New U.S.-China trade talks threatened by escalating tensions

Negotiators are set to meet in Washington, D.C., on Thursday and Friday. File Photo by Stephen Shaver/UPI

Oct. 8 (UPI) — Chinese Vice Premier Liu He said Tuesday he will lead Beijing’s delegation to attend new U.S. trade talks in Washington, D.C., this week, which come at a time of growing tensions between the feuding nations.

Liu announced he will head the delegation for the high-level economic and trade consultations, scheduled for Thursday and Friday. It will be the 13th round of trade negotiations since the conflict began more than a year ago.

The talks come at a time of heightened tensions. New U.S. sanctions against China are set to take effect next week and a new controversy between the Chinese government and the National Basketball Association is growing by the day.

The South China Morning Post, citing an unnamed official close to the negotiations, reported Tuesday that Beijing’s delegation might also cut short its U.S. trip by one day — leaving Friday instead of Saturday. The source told the newspaper, “There’s not much optimism.”

Prior trade discussions broke down in May after the Trump administration accused China of reneging on promises and Beijing accused Washington of infringing on its economic sovereignty.

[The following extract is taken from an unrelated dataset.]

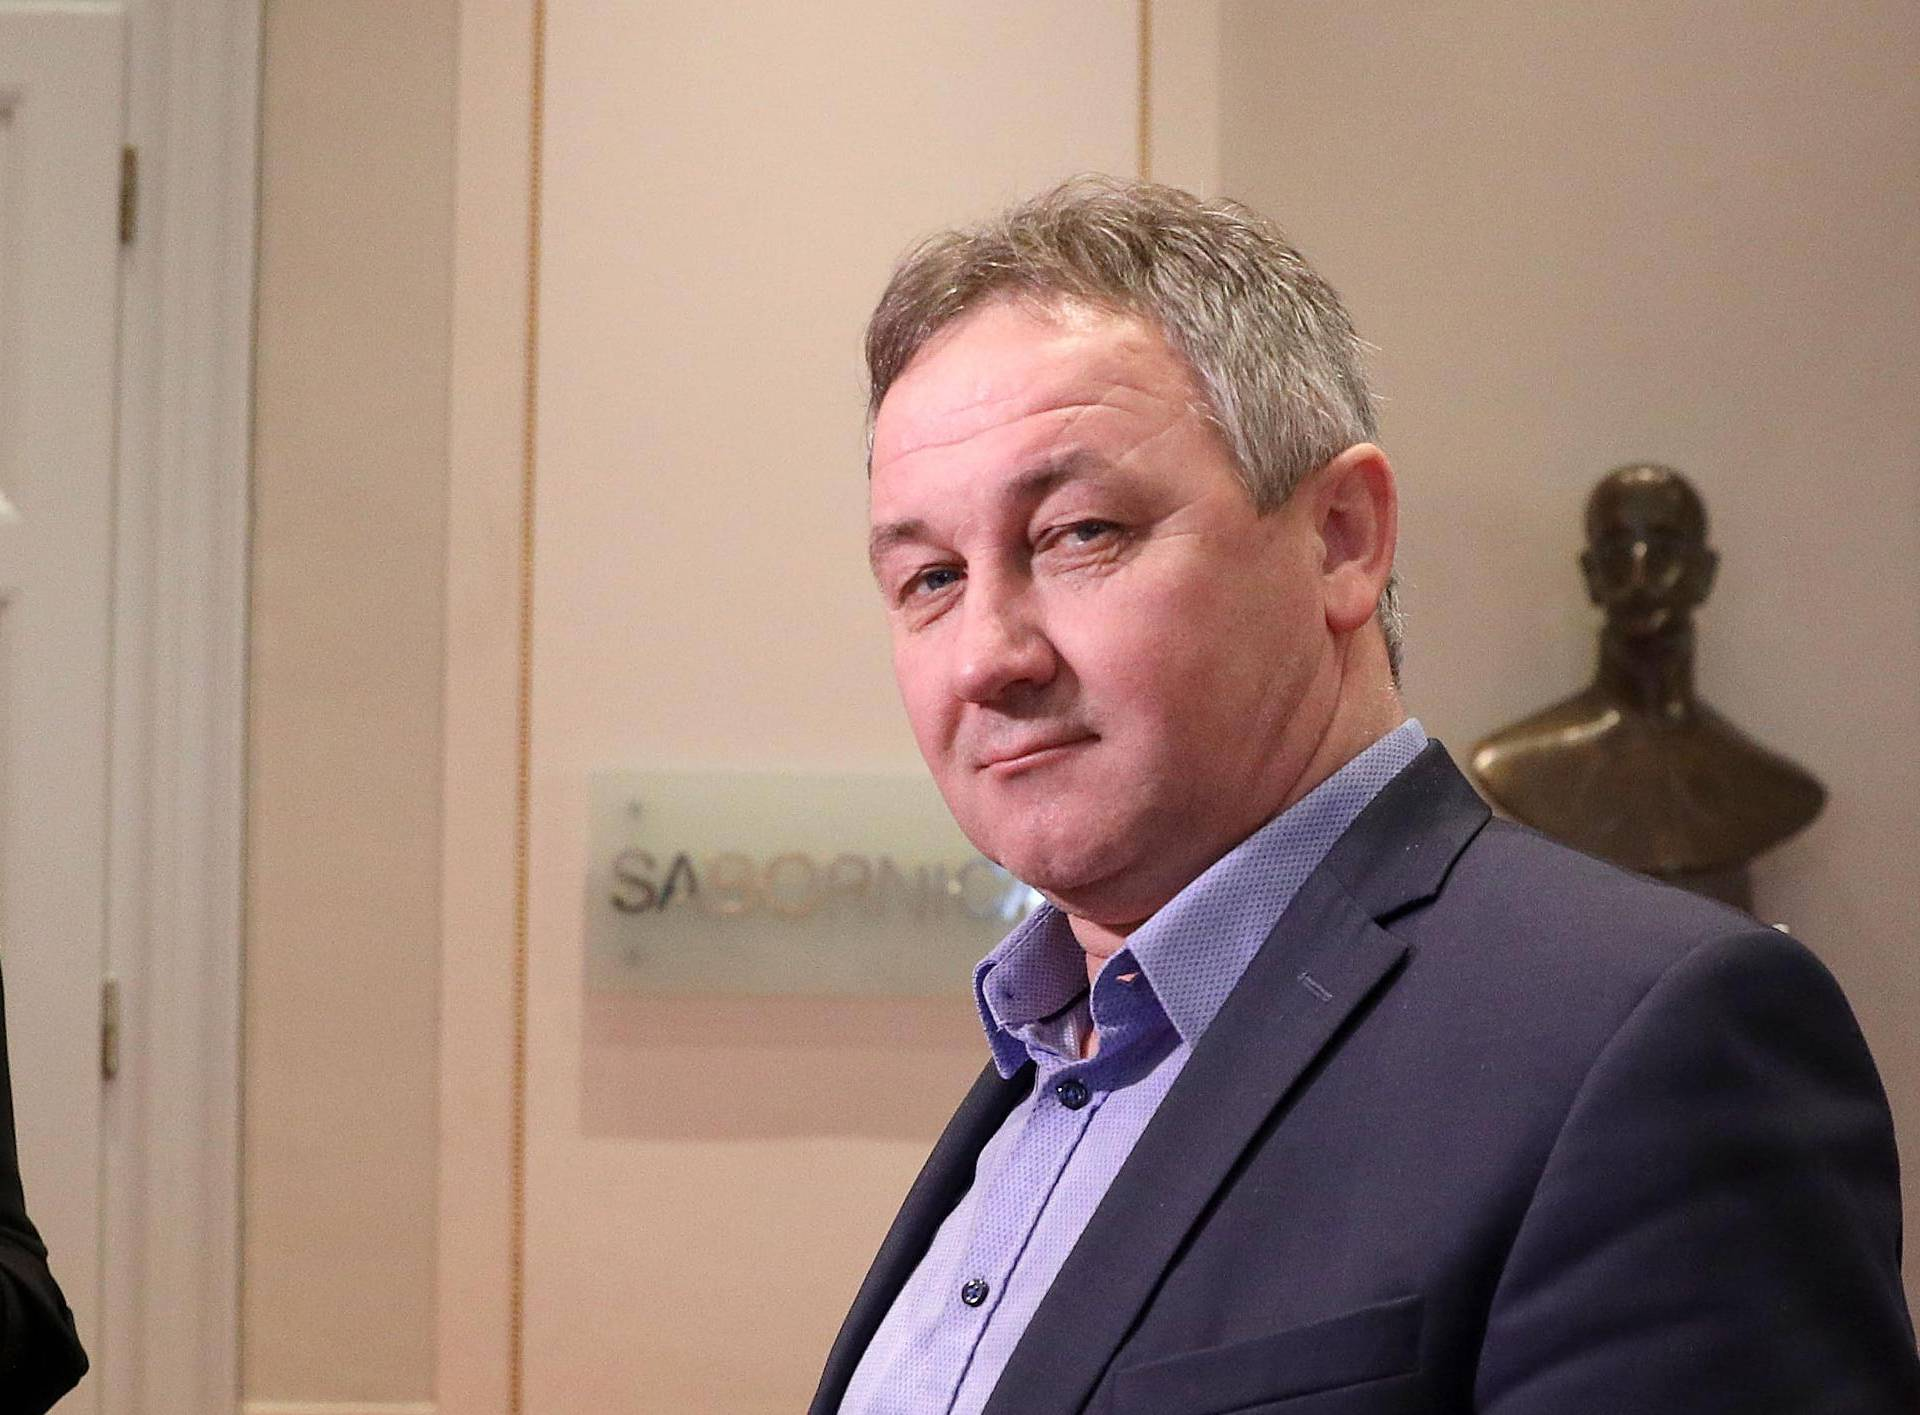 'Neću se izjasniti koji je moj stav o povlačenju amandmana'

Trump said Monday China’s handling of the crisis in Hong Kong could also affect the outcome of this week’s talks. China has demanded the United States stay out of the affair, which has seen protests grow increasingly violent in recent weeks. Also Monday, the U.S. government blacklisted 28 Chinese public security bureaus and artificial intelligence companies over their treatment of Uygur Muslims and other ethnic groups in Xinjiang province.